Like Jeffrey, I've found posting during cooloquium (I'm letting that typo stand!) difficult, not for reasons you might surmise however.
First, I'm learning to adapt to the qwerty reality of a tablet. And I've somehow acquired a very debilitating sinus infection that has kept me up these last two nights. Enough of that.
All I wish to share is that among many wonderful sessions and rehearsals, I experienced the most beautiful Mass of my Catholic life yesterday, an EF within the Octave of Pentecost. How can I sum this up?
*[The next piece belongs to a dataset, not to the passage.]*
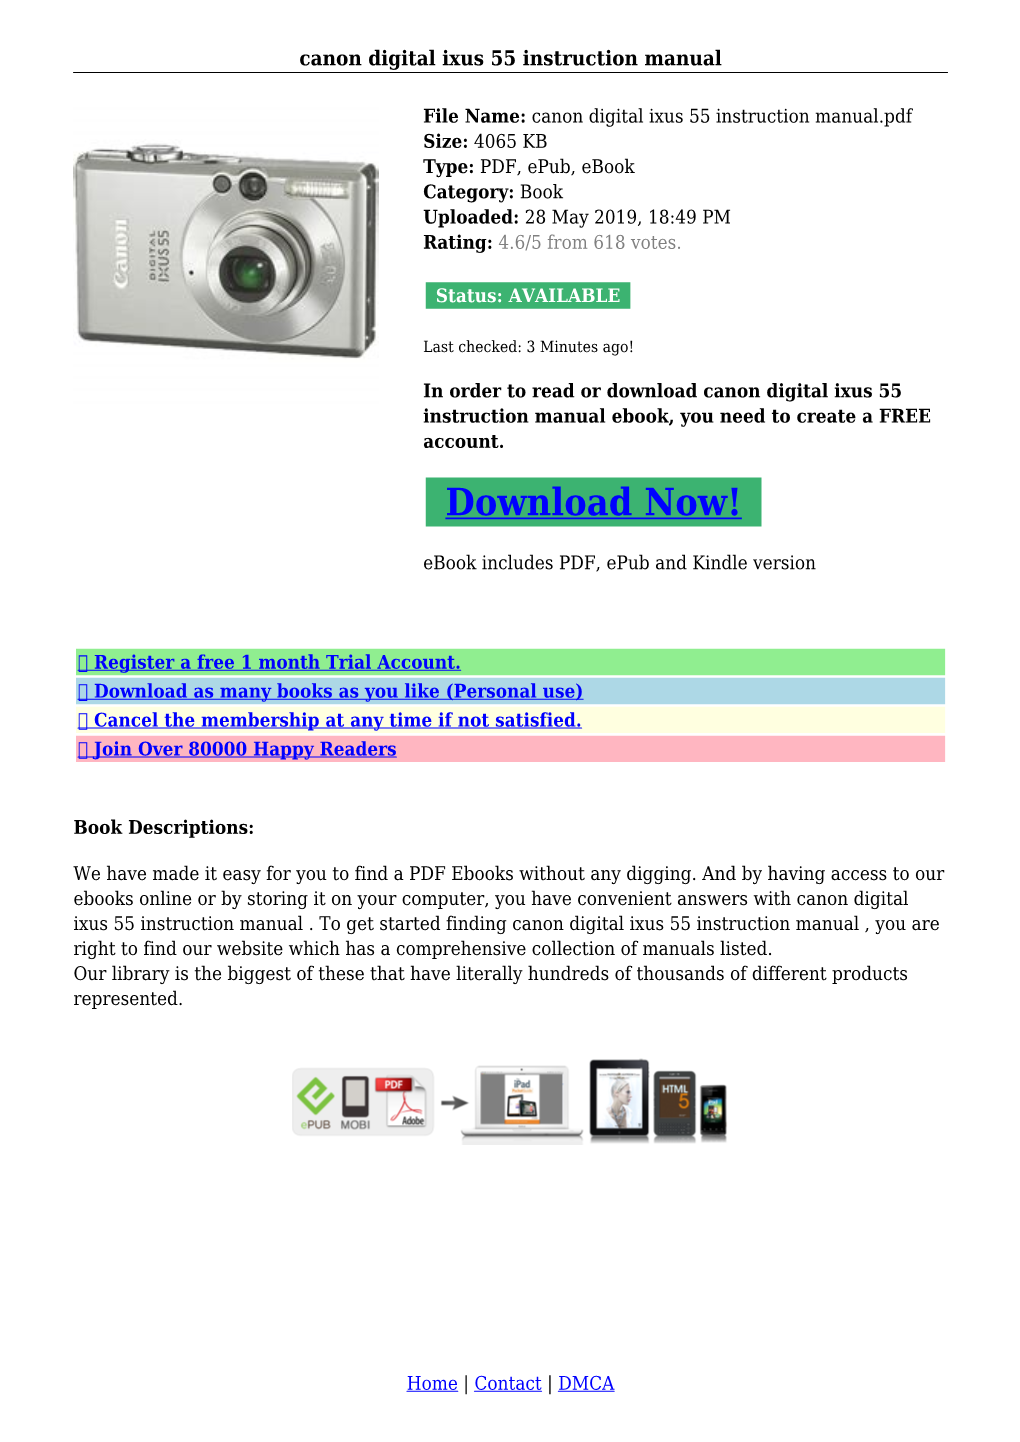 Canon Digital Ixus 55 Instruction Manual

I finally felt the joy of being a "child of God." Even though I know that Mass, per se, isn't solely a "me and Jesus" encounter, there was no doubt, repeat, NO DOUBT, that through the actions and enactions of His ordained ministers, the diverse sub-groups of scholas, choirs, acolytes, concelebrants and the Faithful in general, I was with and among my real family. I was partaking, finally, not as a stranger but as friend. I knew we were all elsewhere, clearly and unequivocally in the presence of Christ offering Himself again to our Father through the guidance and support of two millenia's work within His Church.
From 2006 to 2011, joy of joys, and these last forty years, that some I believe errantly describe as our liturgical wanderings in the desert, proved to be of great consequence and value- these few years led this soul to the treasure-filled banquet in the union of heaven and earth.